The Google dogs of our world have accomplished a lot in a short time. As Yahoo!, Ask, MSN, and Google approach their adolescence, is it time to evaluate where they fit in the world of libraries and how libraries can compete, complement, or cooperate? Is this an epic battle for the ages? Who will win and lose? Is that even the right question? It’s still our choice to set the battle lines, but not for long. There is a real and present danger to an over-Google-ized information landscape.
In this three part series, I will identify and explore the strengths and weaknesses of the Googles of the world (this issue, part 1); the real strengths and weaknesses of our world of libraries (October, part 2); and some of the key strategies that will militate towards our success in the changing world of our communities (November, part 3).
Let’s ask ourselves, in a clear-eyed, truthful way – what exactly are Google’s strengths and weaknesses? In the same way, what are ours? Our goal is to understand things well enough to differentiate ourselves from our competitors when necessary and to invest and build upon those differences. Copying success without differentiation is not a visionary strategy; it’s driving with your rear view mirror.

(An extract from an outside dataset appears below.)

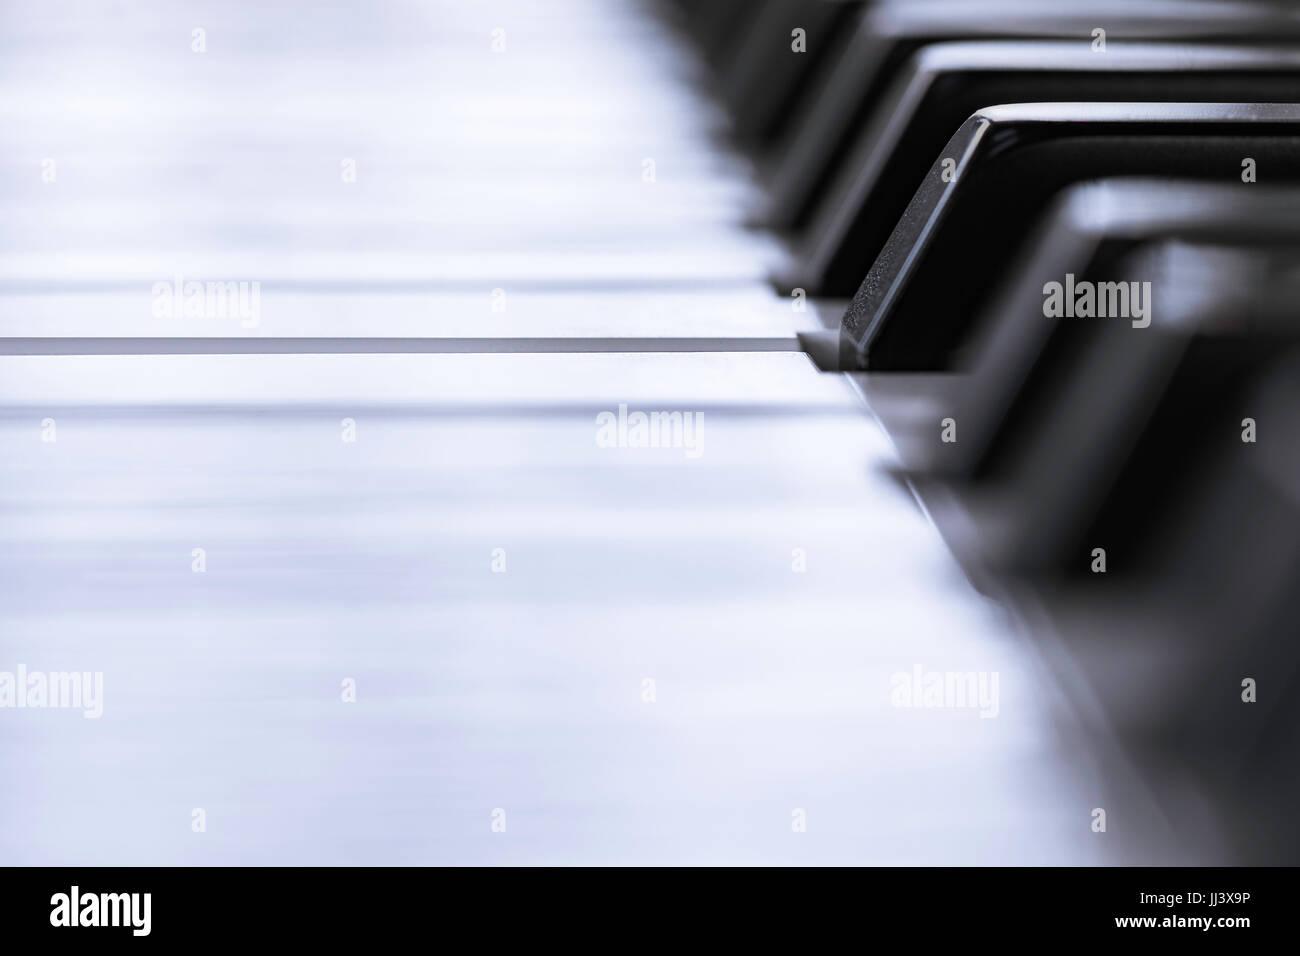 Modern piano keys - Stock Image

There are plenty of successful companies in the world. Some become icons. Once a company becomes an icon, people start invoking its name as if it were a mantra. Some are hated for their success. It’s not good at all to be unquestioning about the market success of a company. Right now, the halo effect surrounding Google is palpable. We should question where its success comes from, and also ask where that success is not in evidence, or is actually a clear failure or suboptimal effort.
What does Google do well?
1. Google is first and foremost an advertising company. By almost any measure, it’s one of the largest ad venues in the world. It has been so successful with its sponsored links that, according to Pew Research, most searchers cannot tell the difference between an ad and a regular link. Google manages their primary client base, advertisers of all sizes, adeptly.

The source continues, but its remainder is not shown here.